Village in Uttar Pradesh, India

Rupaspur is a village in Firozabad block of Firozabad district, Uttar Pradesh. As of 2011, it had a population of 1,621, in 267 households.

== Geography ==
Rupaspur is located a short distance west of Firozabad, to the south of the main line of the Northern Railway.

== Demographics ==
As of 2011, Rupaspur had a population of 1,621, in 267 households. This population was 54.2% male (878) and 45.8% female (743). The 0–6 age group numbered 248 (136 male and 112 female), making up 15.3% of the total population. 605 residents were members of Scheduled Castes, or 37.3% of the total.

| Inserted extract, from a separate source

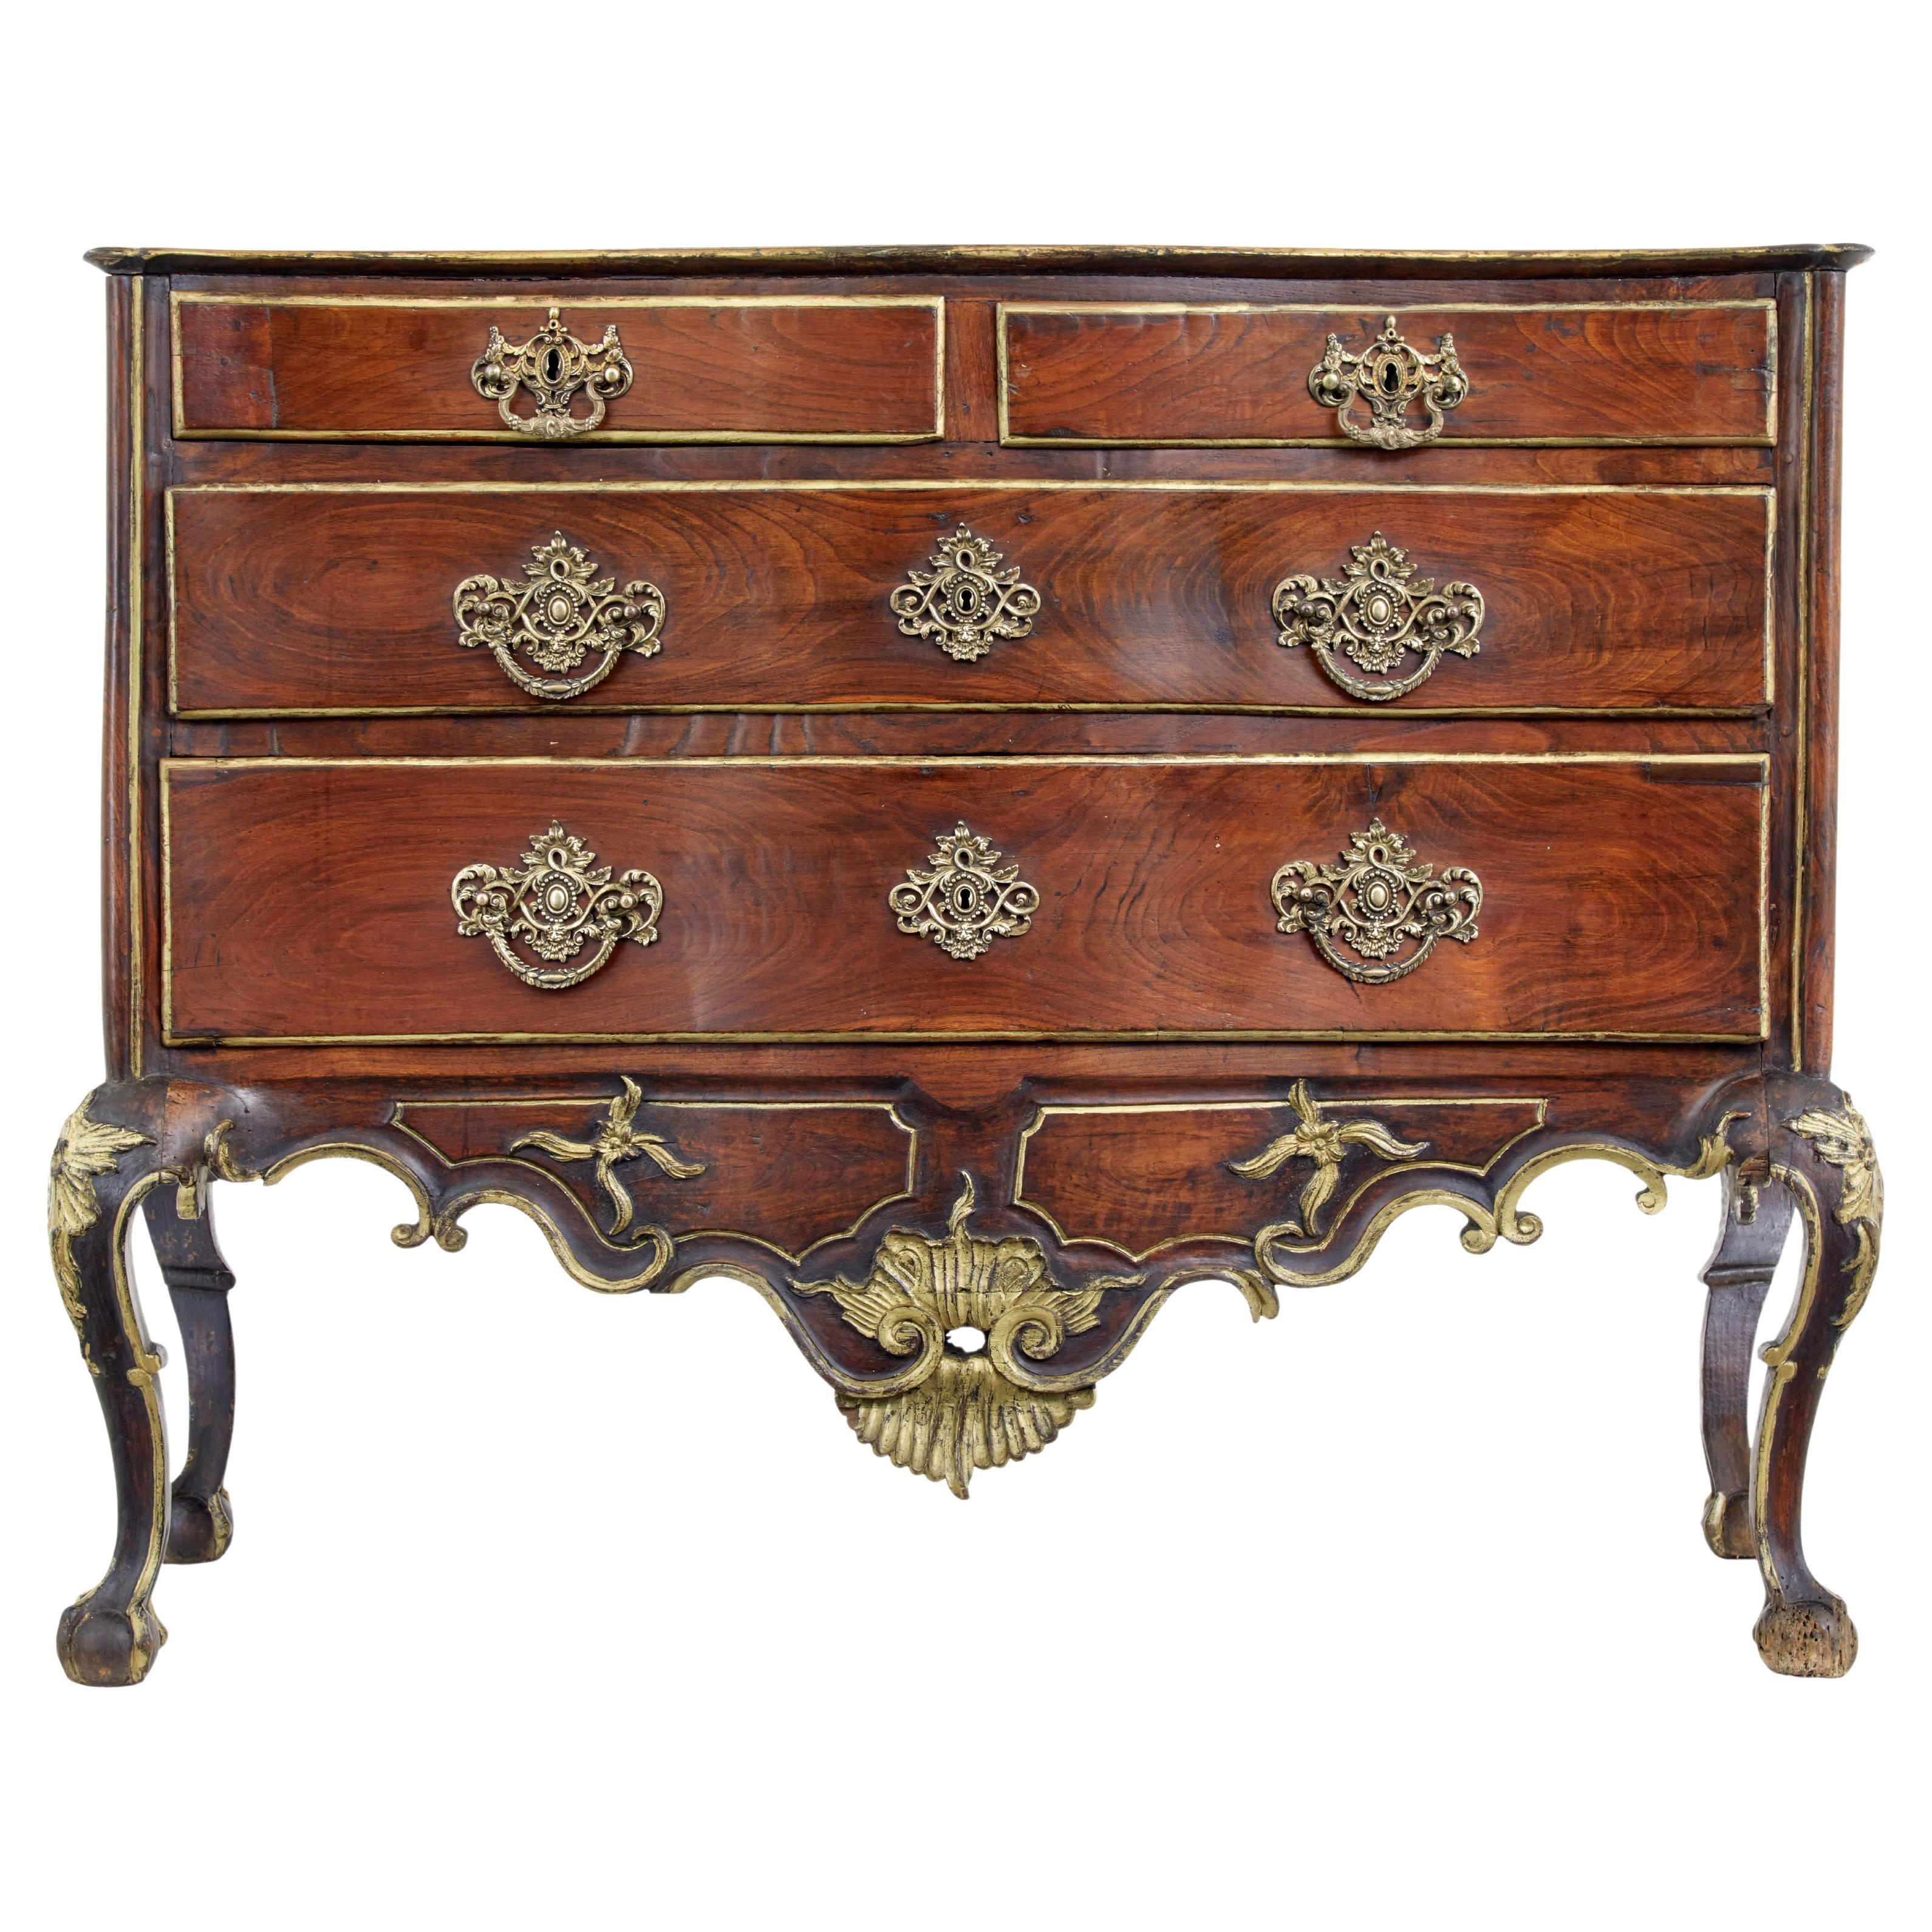 Portuguese 18th century carved walnut and gilt chest of drawers

The 1981 census recorded Rupaspur as having a population of 584 people (326 male and 258 female), in 89 households and 89 physical houses.

The 1961 census recorded Rupaspur as comprising 2 hamlets, with a total population of 652 people (356 male and 296 female), in 101 households and 75 physical houses. The area of the village was given as 301 acres.

== Infrastructure ==
As of 2011, Rupaspur had 1 primary school; it did not have any healthcare facilities. Drinking water was provided by hand pump; there were no public toilets. The village had a public library but no post office; there was at least some access to electricity for all purposes. Streets were made of both kachcha and pakka materials.